The board is an array of 9 that contains an enum value of Token.Empty but can be replaced with Token.X or Token.O respectively.

This is the class that calls uses the algorithm:

public class ComputerPlayer(Token token, Algorithm minimax ) {
   private Token playerToken;
   private Algorithm minimax;

    public ComputerPlayer(Token playerToken, Algorithm minimax) {
        this.playerToken = playerToken;
        this.minimax = minimax;
    }

    public Token getPlayerToken() {
        return playerToken;
    }

   public void makeMove(Cell[] board) {
        int chosenCell;
        chosenCell = minimax.findBestMove(board);
        board[chosenCell].setToken(playerToken);
        System.out.println("Player " + playerToken + " has chosen cell " + (chosenCell+1));
    }
}

Solution

  • Alpha-Beta Pruning requires a good evaluation function for unfinished game states to be effective.
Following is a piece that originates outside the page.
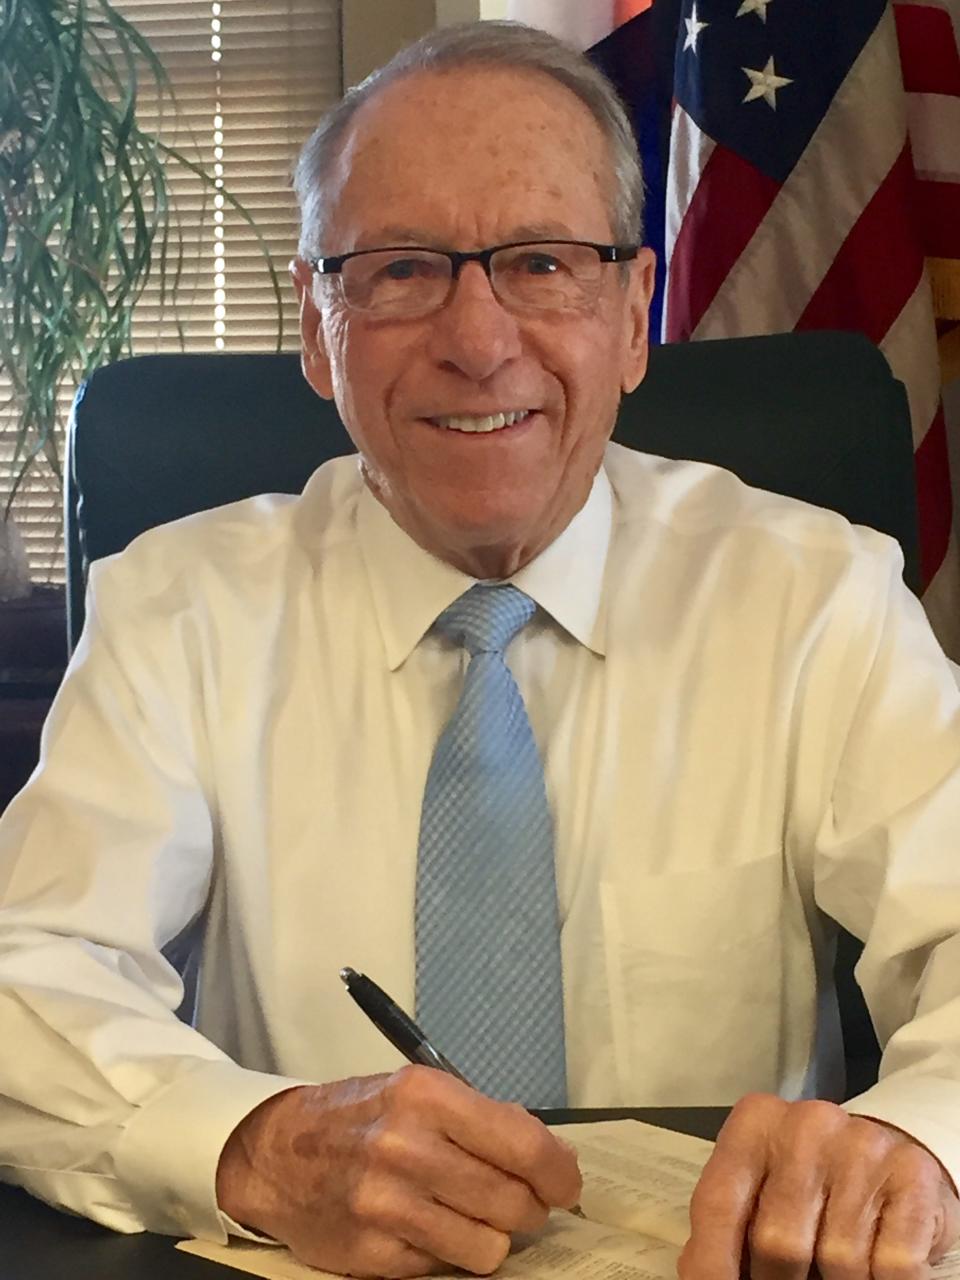 Dutchess County district attorney William Grady will retire at the end of his term in 2023.

It should be able to evaluate when one player is "more likely" to win accurately. It will use the evaluation to prune variations that do not look promising.

    Right now your evaluation function only differentiates between game over and game in progress, so you will not be able to do better than min-max.

    However, if you are doing worse than min-max, you must also have a bug somewhere else. I recommend stepping through the code and trying to see where it goes wrong.